Mathematical Problems in Engineering
Volume 2011 (2011), Article ID 783516, 12 pages
http://dx.doi.org/10.1155/2011/783516
Research Article

On the Uncontrollability of Nonabelian Group Codes with Uncoded Group 𝑝

Technological Center of Alegrete, Federal University of Pampa (UNIPAMPA) 97546-550 Alegrete, RS, Brazil

Received 5 November 2010; Revised 24 August 2011; Accepted 2 September 2011

Academic Editor: Gerhard-Wilhelm Weber

Copyright © 2011 Jorge Pedraza Arpasi. This is an open access article distributed under the Creative Commons Attribution License, which permits unrestricted use, distribution, and reproduction in any medium, provided the original work is properly cited.

Abstract

Error-correcting encoding is a mathematical manipulation of the information against transmission errors over noisy communications channels.
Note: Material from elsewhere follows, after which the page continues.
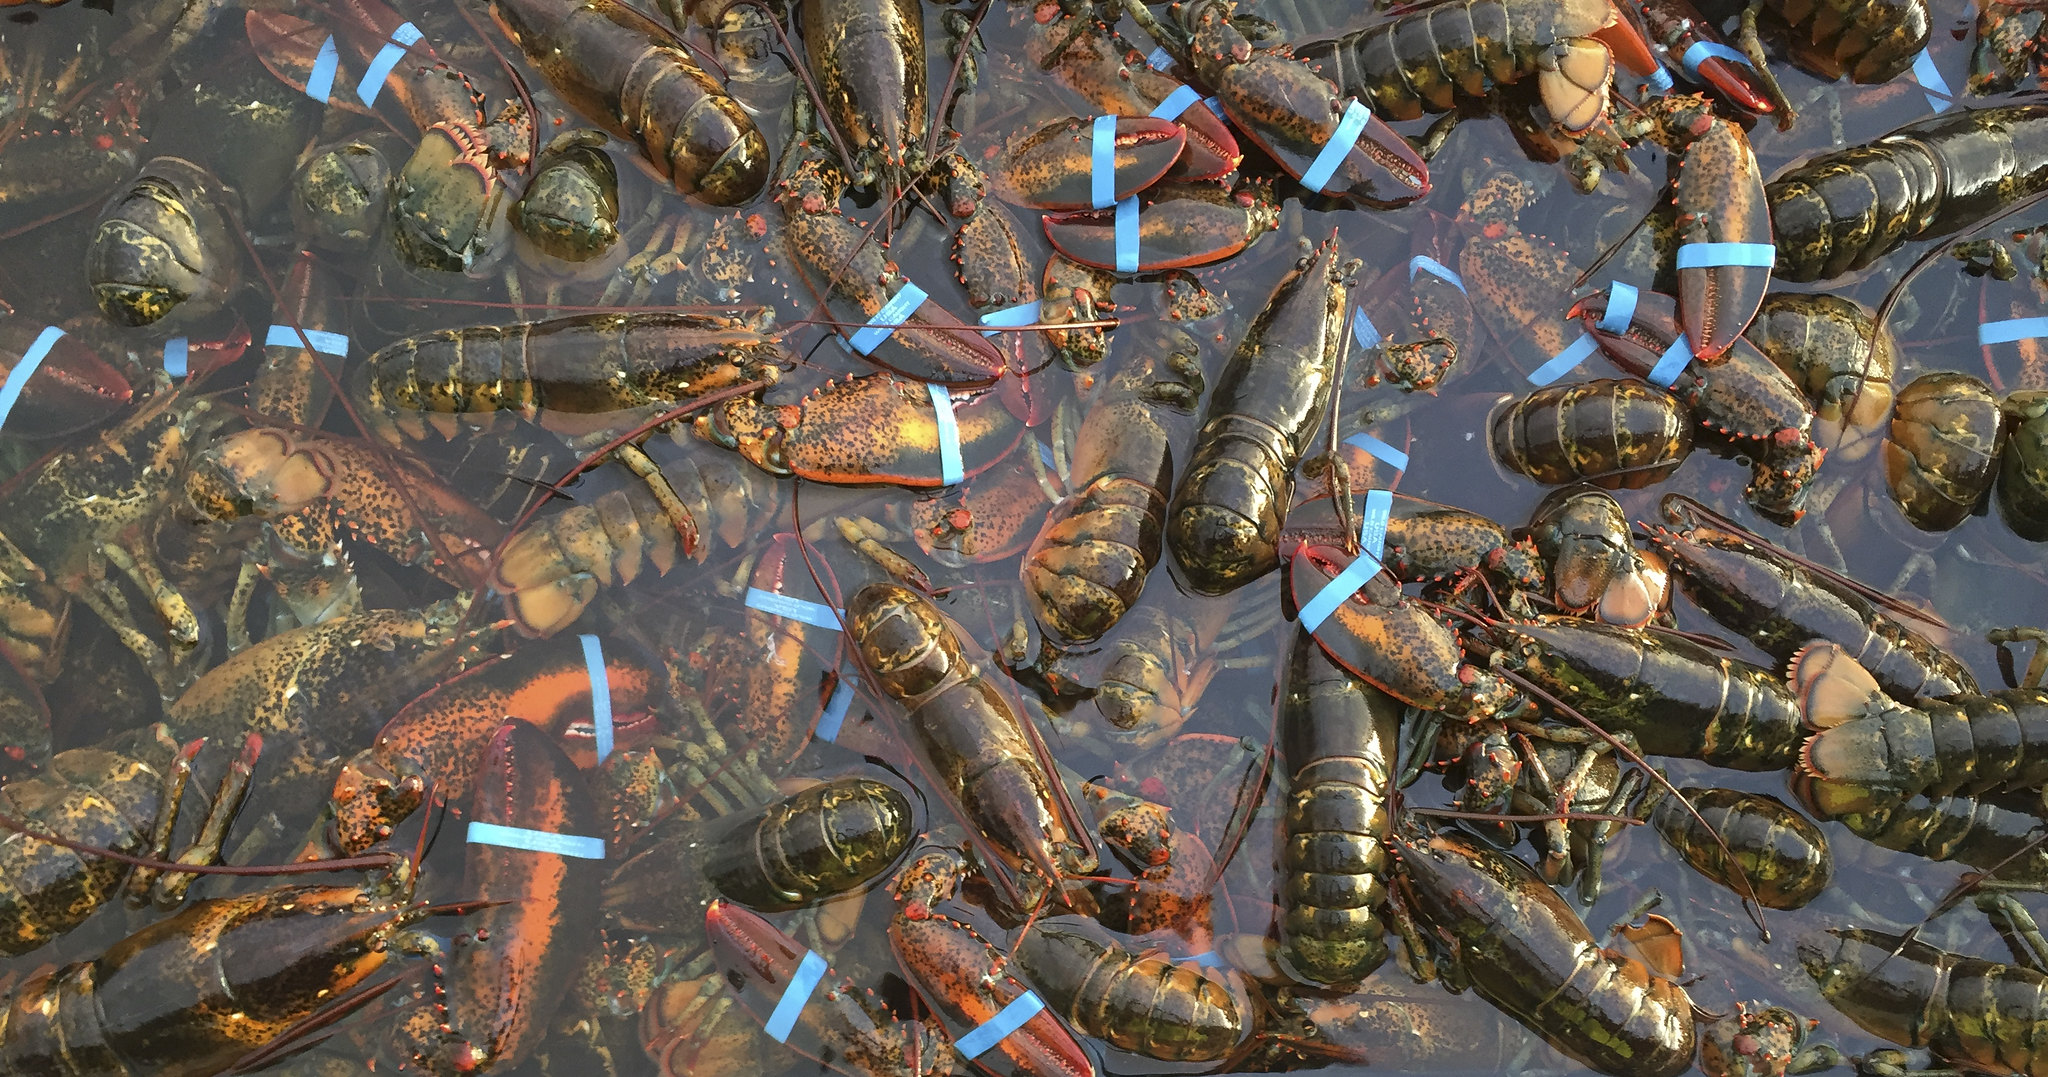 Dozens of American Lobsters in the water with their claws banded

One class of error-correcting codes is the so-called group codes. Presently, there are many good binary group codes which are abelian. A group code is a family of bi-infinite sequences produced by a finite state machine (FSM) homomorphic encoder defined on the extension of two finite groups. As a set of sequences, a group code is a dynamical system and it is known that well-behaved dynamical systems must be necessarily controllable. Thus, a good group code must be controllable. In this paper, we work with group codes defined over nonabelian groups. This necessity on the encoder is because it has been shown that the capacity of an additive white Gaussian noise (AWGN) channel using abelian group codes is upper bounded by the capacity of the same channel using phase shift keying (PSK) modulation eventually with different energies per symbol. We will show that when the trellis section group is nonabelian and the input group of the encoder is a cyclic group with, 𝑝 elements, 𝑝 prime, then the group code produced by the encoder is noncontrollable.